Wednesday, June 4, 2008

Spring/Summer Fruit Field Day

This sounds like a facinating full day of learning on small fruits and hihg tunnels. You probably couldn't get any better with Pat Byers (MU) and Ted Carey (KSU) presenting thier information on small fruit research and their high tunnel work. If you're interested in attending call the K-State Research and Extension Center at 913-856-2335 so they know to expect you. If anyone does go, post a comment and let us know what you leanred.

On another note, if you don't see a blog for each day don't be alarmed. I will be traveling the entire month of June. I hope to continue blogging at least every other day. So keep coming back to see what I have seen or learned about agriculture on my travels.

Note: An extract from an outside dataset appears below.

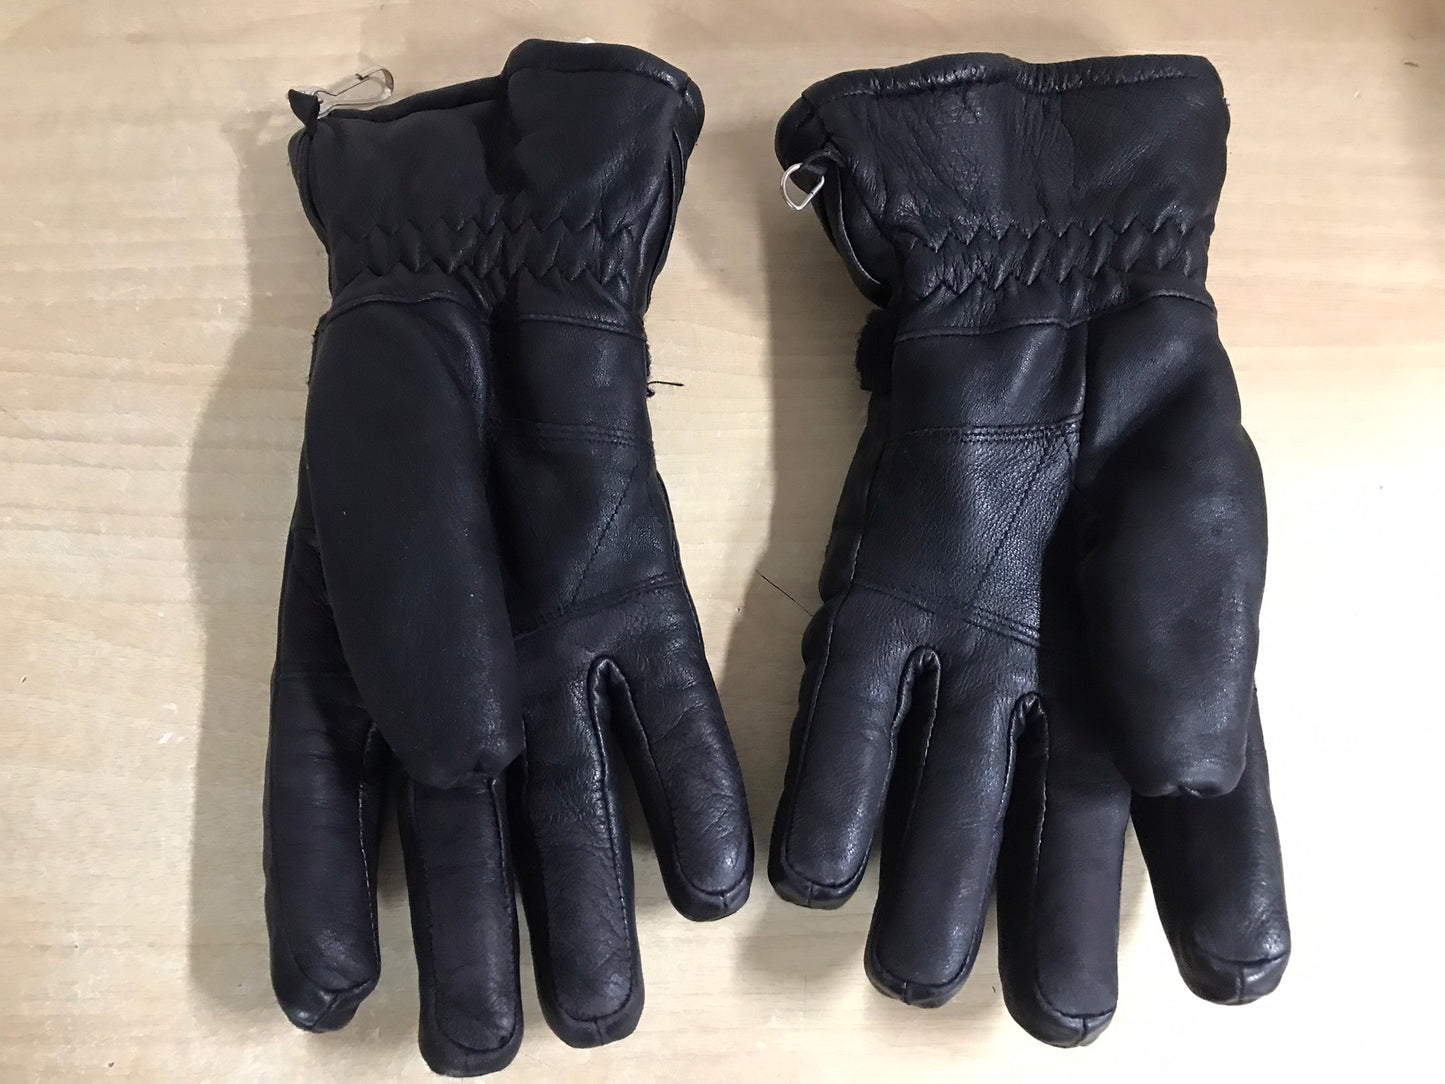 Winter Gloves and Mitts Men's Size Medium Level Leather with Winter Liner Outstanding Quality

Spring/Summer Fruit Field Day Kansas Fruit Growers Association and K-State Research and Extension Saturday, June 7, 2008
K-State Horticulture Research and Extension Center
35230 W 135th St., Olathe, KS 66061
Gieringer Farms, 39675 W 183rd, Edgerton, KS 66021

1:00 p.m. Welcome and introductions.
1:15 to 2:30 Overview of production of strawberry, raspberry and blueberry, with emphasis on high tunnels. Pat Byers, Horticulture Specialist, University of Missouri and Ted Carey, K-State Research and Extension.
2:30 to 2:45 Break
2:45 to 3:15 Marketing your fruit crop. Vincent Amanor-Boadu, Agricultural Economist, K-State Research and Extension. (Video presentation)
3:15 to 3:45 Marketing to retail outlets – Roundtable discussion with Brendan Kline, Whole Foods Market
3:45 to 4:00 Break
4:00 to 5:00 Tour K-State fruit plots, including blueberry, blackberry, raspberry, strawberry and apricot plantings. Most of the crops are in both high tunnels and open field.
5:00 to 5:30 Travel to Gieringer Farms
5:30 to 6:15 Orchard and farm tour.
6:15 to 7:30 Barbeque dinner, networking and fellowship

Tuesday, June 3, 2008


When most people think of the word advertising they usually want to know how much it will cost them; big bucks they think. Well, not all advertising needs to be expensive. There are lots of things you can do that are considered advertising that won’t cost you an arm and a leg. Here are some of those ideas.

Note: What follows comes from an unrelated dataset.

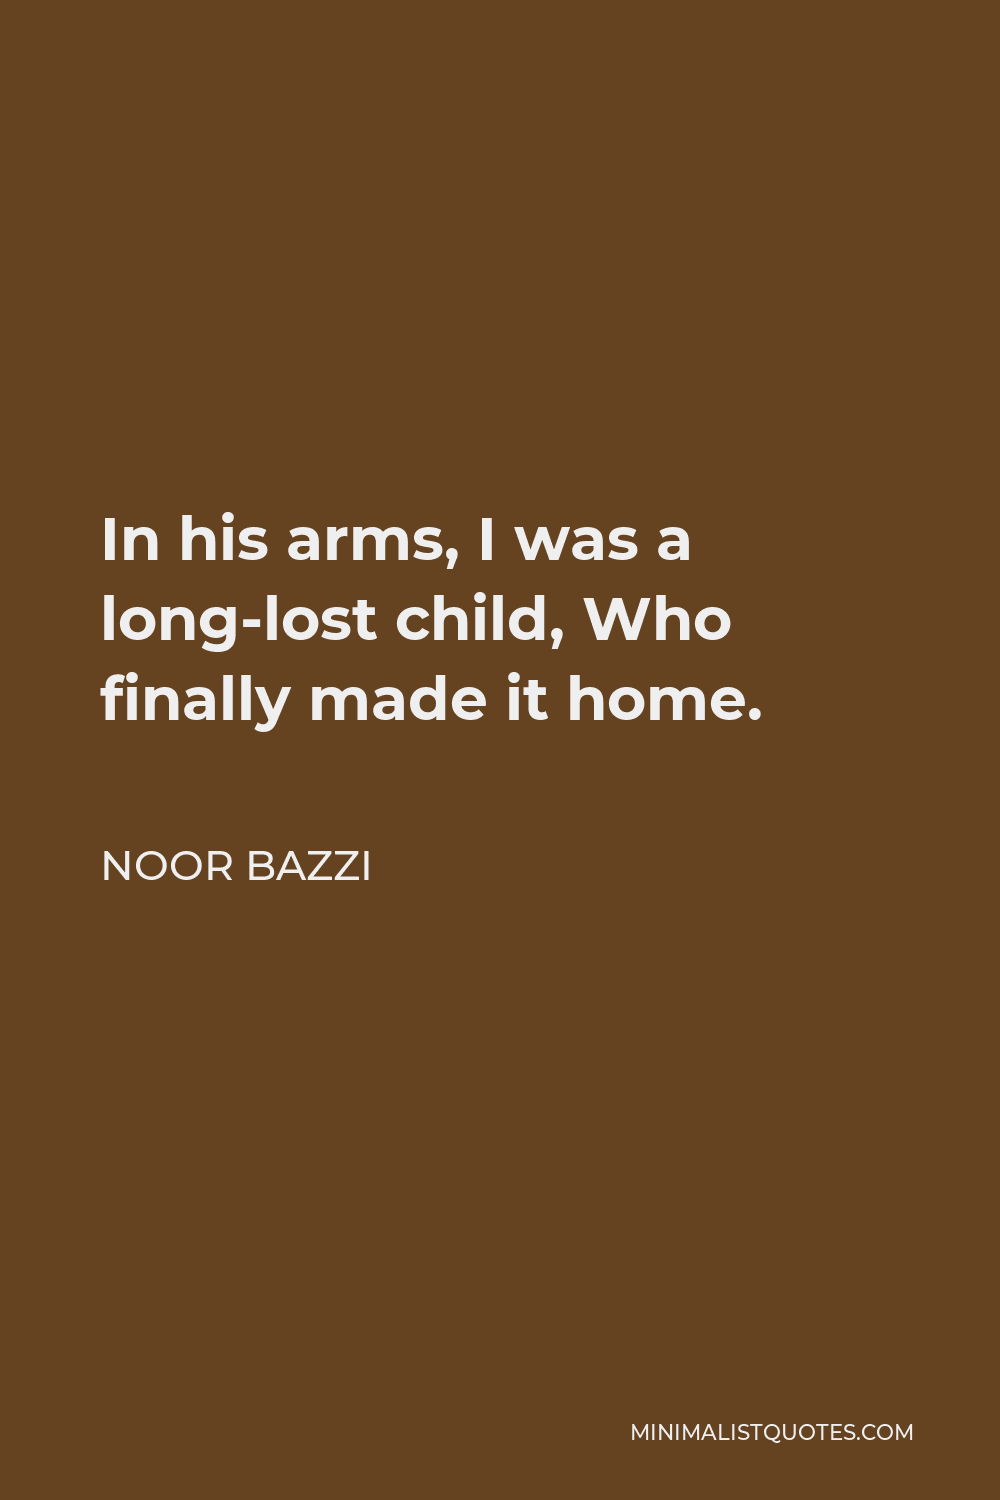 Noor Bazzi Quote - In his arms, I was a long-lost child, Who finally made it home.

* business cards – always carry them with you so they are handy to hand out
* create a colorful logo so even without wording people will know instantly who it is
* wear baseball caps with your logo and/or the name of your farm
* write press releases about your farm or farm products and send to the local newspapers
* wear t-shirts with your logo and/or the name of your farm
* place posters or colorful notices about your farm and products around town

This is just a short list but there are simply lots of creative ideas you can come up with that won’t cost you tons of money.

Friday, May 30, 2008

Renewable Energy Resources for Farmers

With the price of gas as high as it is everyone is looking to reduce their energy costs in multiple ways. I've been getting calls on making biodiesel, making ethanol, using solar panels and much more. With the surge for this type of information I will be adding more topic links to the MAC website on all sorts of bio and renewable energy. But in the meantime, check out these sites for renewable energy:

Database of State Incentives for Renewable Efficiency -

Environmental Saw and Poverty Center - - information on renewable energy for the farm, USDA grants

US Dept of Energy - - information on renewable energy applications for farms and ranches

Thursday, May 29, 2008

Organic Research Grant

The Organic Farming Research Foundation (OFRF) has issued its Request for Proposals for organic research and education projects for Fall 2008 grants. OFRF offers funds for research on any topic that will improve organic production systems, and for education and outreach projects to share organic farming information with current organic producers and to farmers and ranchers considering transitioning their operations to organic. Proposals may request awards of up to $15,000 per year ($20,000 for fruit projects). Multi-year funding will be considered for fruit projects. Proposals are due July 15, 2008. Read more at:

Wednesday, May 28, 2008

Informing the Consumer

Another idea I picked up at the farmers' market this past Saturday was a creative way to display information. The picture shows what looks like wooden window shutters. I asked the vendor who said she bought them from a company that sells displays. But I bet you creative farmers out there could create somthing similar.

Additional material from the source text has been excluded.